Resolving just which technologies are needed is the rub. When Société Générale Americas CTO Bob Schmeider explained to me why firms have focused on infrastructure security in the time since the Jerome Kerviel rogue-trading scheme upended the French bank, he put it simply: "You never point a finger in this industry, so much as empathize, and look after your own house. You know you could be next."
Not So Funny
In the end, as geopolitcal—almost implausible—as the Snowden leak has become, and as promising as new monitoring tools are, an effective combination of technology and leadership probably comes back to fundamentally avoiding that scene in Seinfeld, with multiple actors playing roles they aren't used to, experiencing a sequence of unanticipated events that ultimately leads to an adverse outcome for the protagonist, left without redress.

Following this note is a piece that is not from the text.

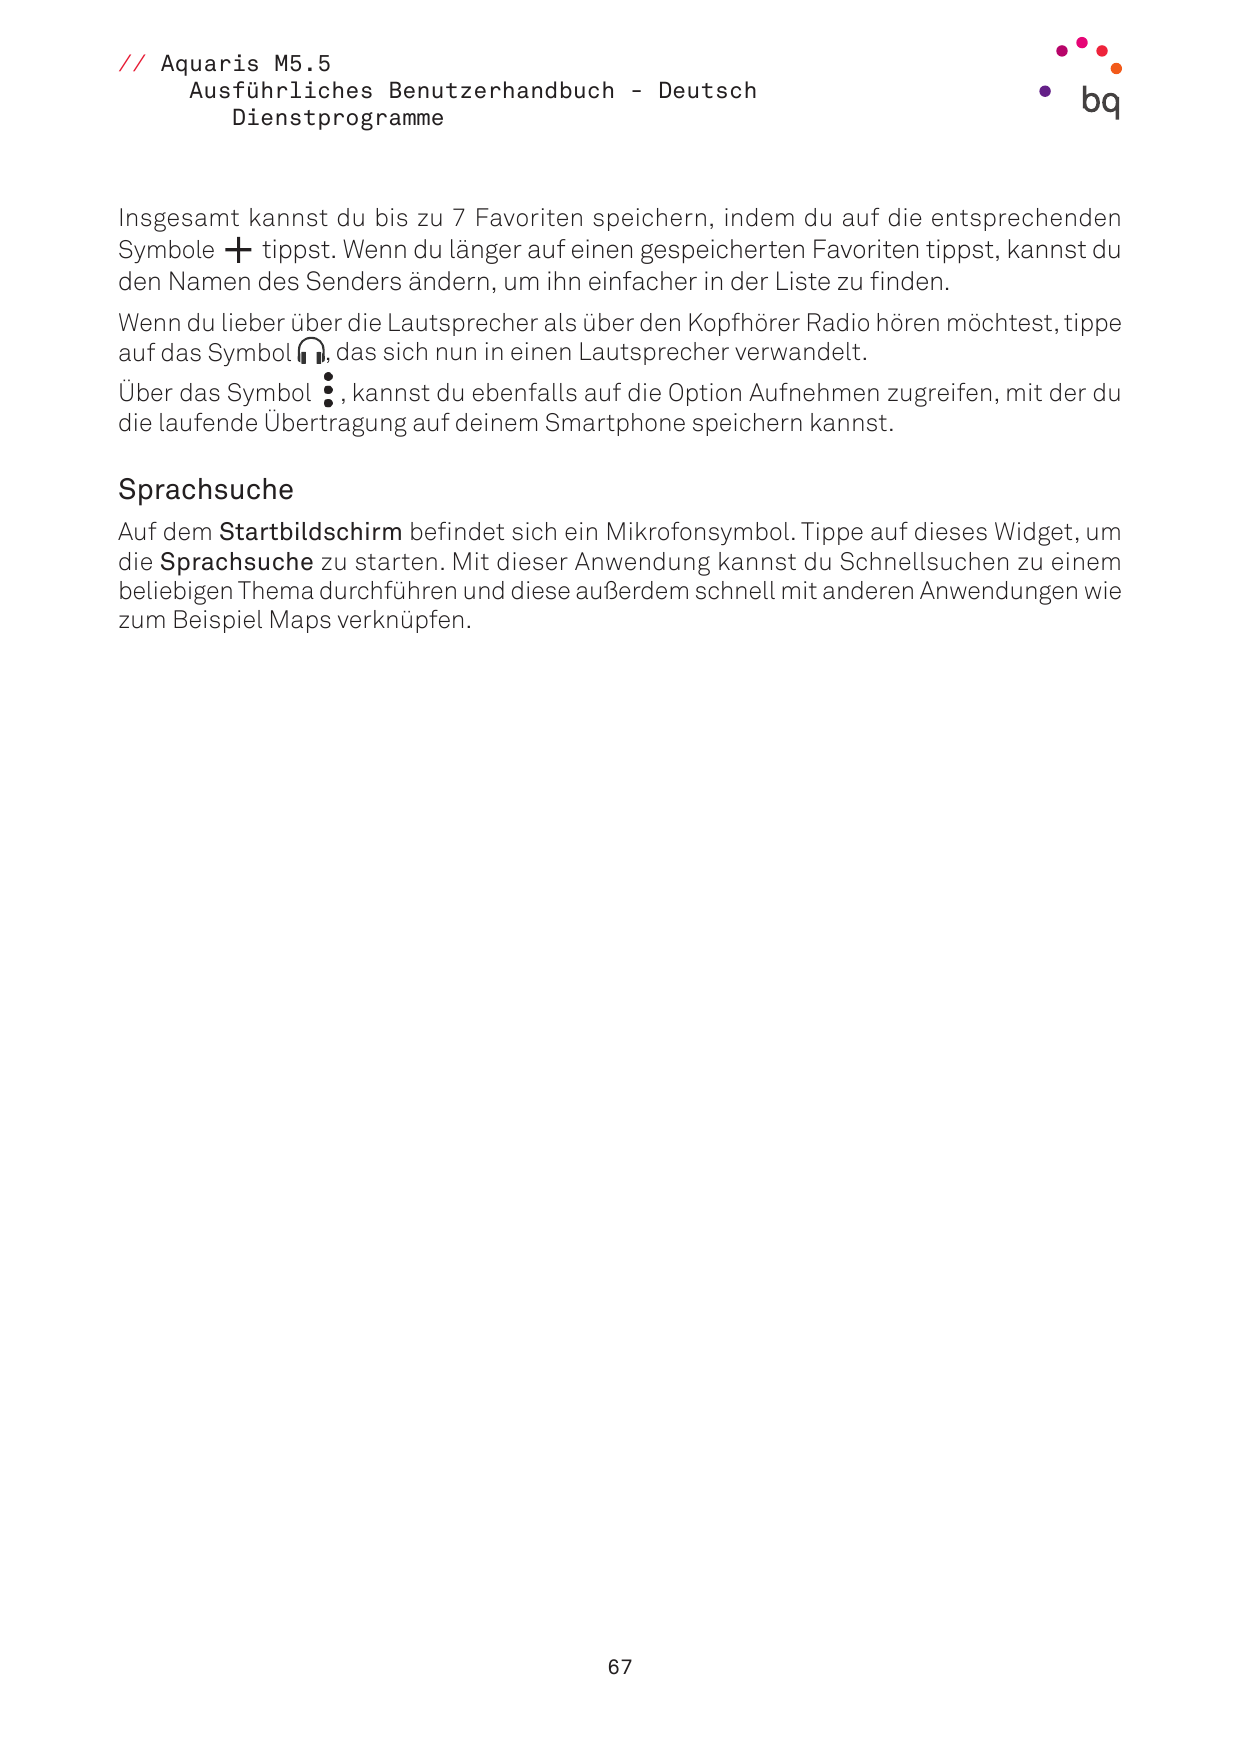 // Aquaris M5.5Ausführliches Benutzerhandbuch - DeutschDienstprogrammeInsgesamt kannst du bis zu 7 Favoriten speichern, indem du
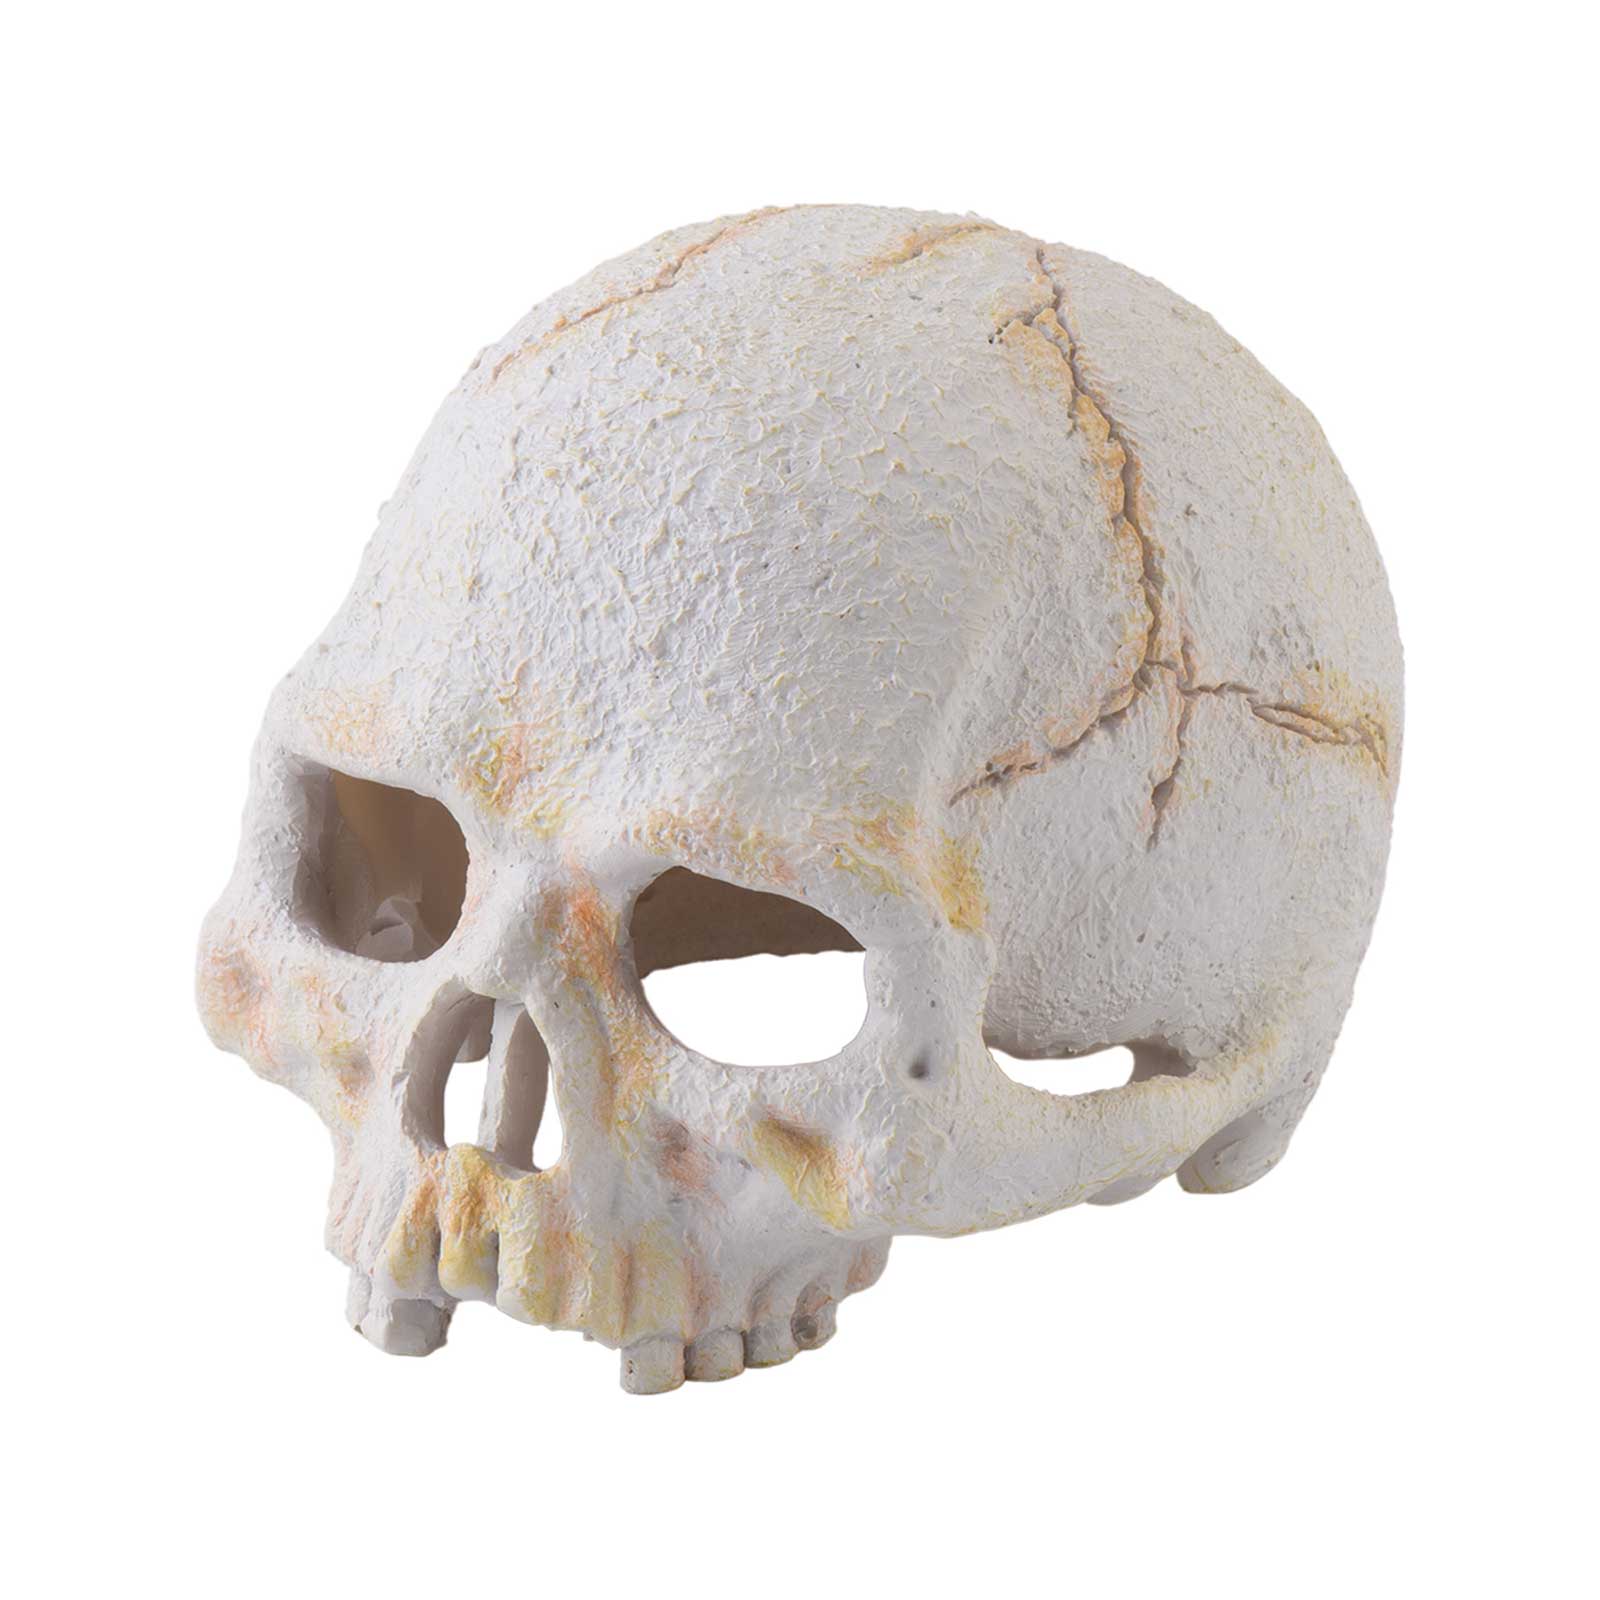 Exo Terra Ornament Primate Skull

In the episode, Jerry eventually forgives them—after all, unlike Snowden, Kramer hasn't conspired with Newman to lift Jerry's stuff—but not without one more comedic conceit that, 25 years later in 2014, will feel especially close to those charged with protecting the substance and flow of information,
"[They even stole] my answering machine!" he exclaims. "Boy, I hate the idea of somebody out there returning my calls."